# Goslings, baby woodpeckers and our guys



## minimonkey (Apr 7, 2005)

Hi, all... Been a while since we've posted, but we've certainly been lurking and keeping up on the posts. Anyway, please see the link below for some pictures of goslings and juvenile woodpeckers taken over the 4th of July holiday at our family's mountain cabin. The woodpeckers, as you can see, most happily made a nest in our cabin itself!  We counted four, in all, I believe -- two colored guys, maybe the boys?, and two not-so-colored ones. They flew the coop for good two days after these photos were taken. Next step? Board up the hole in our wall! Sorry the ones of the mama and the little brown one are blurry.  The goslings were very cute; watching the little guys try to nobly flap their wing stubs was droll indeed. And, of course, what would a photo album be without an update of the two squabs we had to take in in late April. Prospero & Persephone will be three months on July 19. The photos titled P, P3 and P4 were taken today. The others were taken in early and mid June. Hope you enjoy the pictures as much as we did! Birds, and especially pigeons, are such amazing creatures! 

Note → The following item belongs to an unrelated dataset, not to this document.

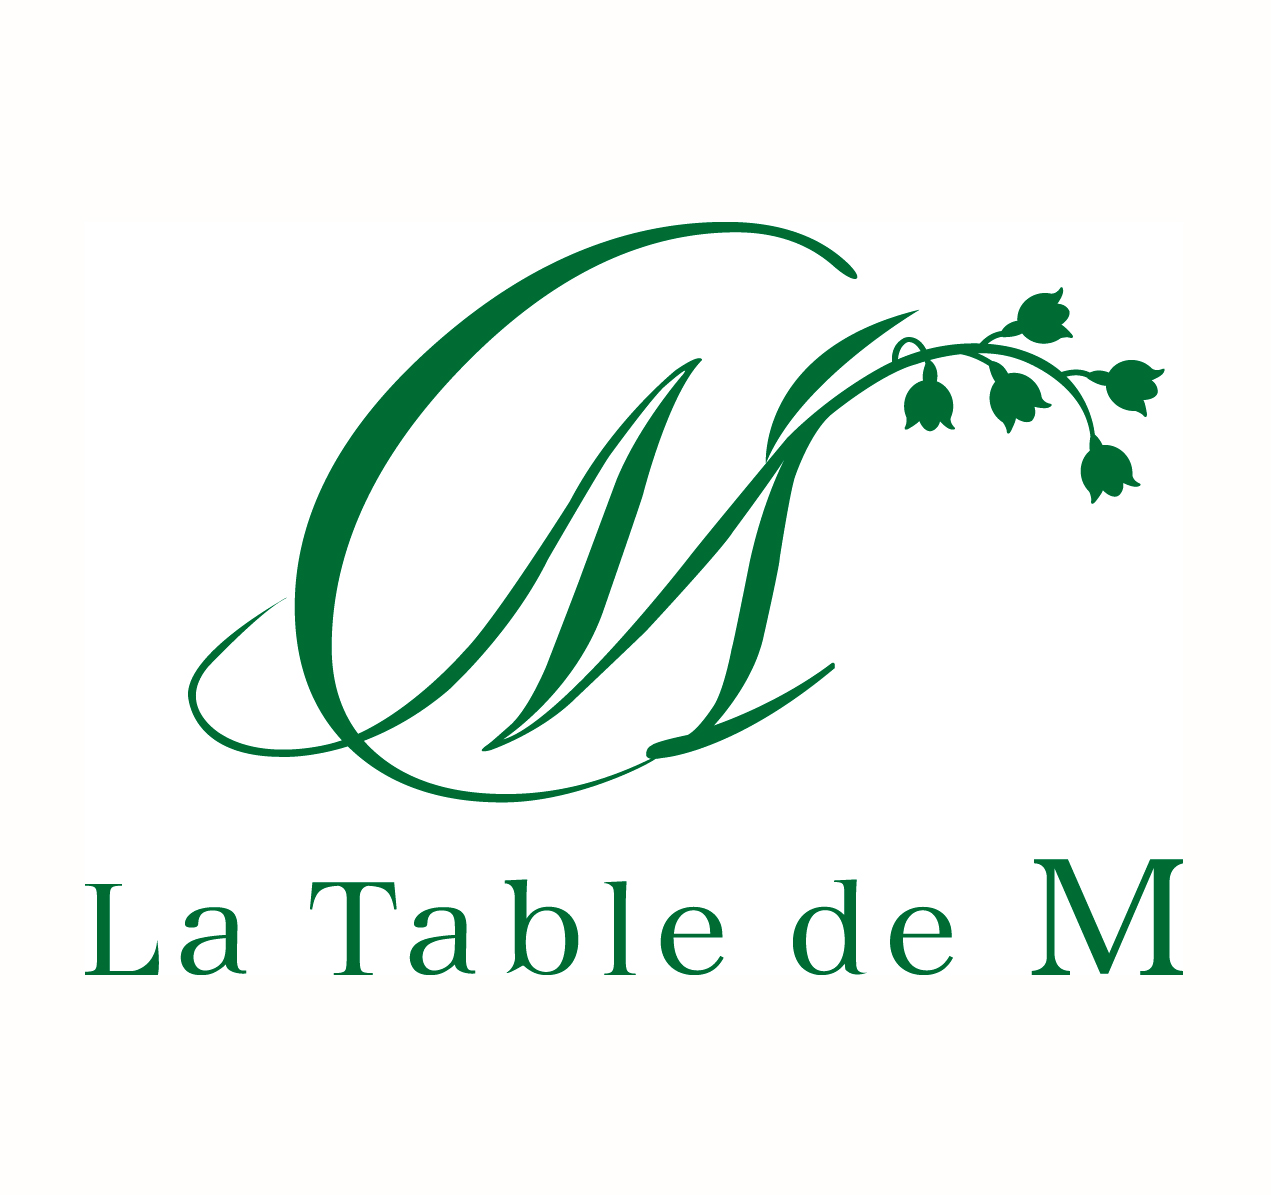 La Table de Mさん

http://pg.photos.yahoo.com/ph/minimonkeys33/album?.dir=23a2


----------



## TAWhatley (Mar 6, 2001)

Wonderful pics! Thanks for sharing and twas good to hear from you and your crew!

Terry


----------



## pigeonmama (Jan 9, 2005)

Your woodpeckers are flickers, still considered a woodpecker.
Daryl


----------



## minimonkey (Apr 7, 2005)

Thanks, Terry, for your comments!

Daryl, our knowledge of all types of birds is minimal at this point, so it's great to know that they were/are flickers. We figured that since they burrowed a hole into the side of the house, they were woodpeckers of some general sort.

Mr. MM


----------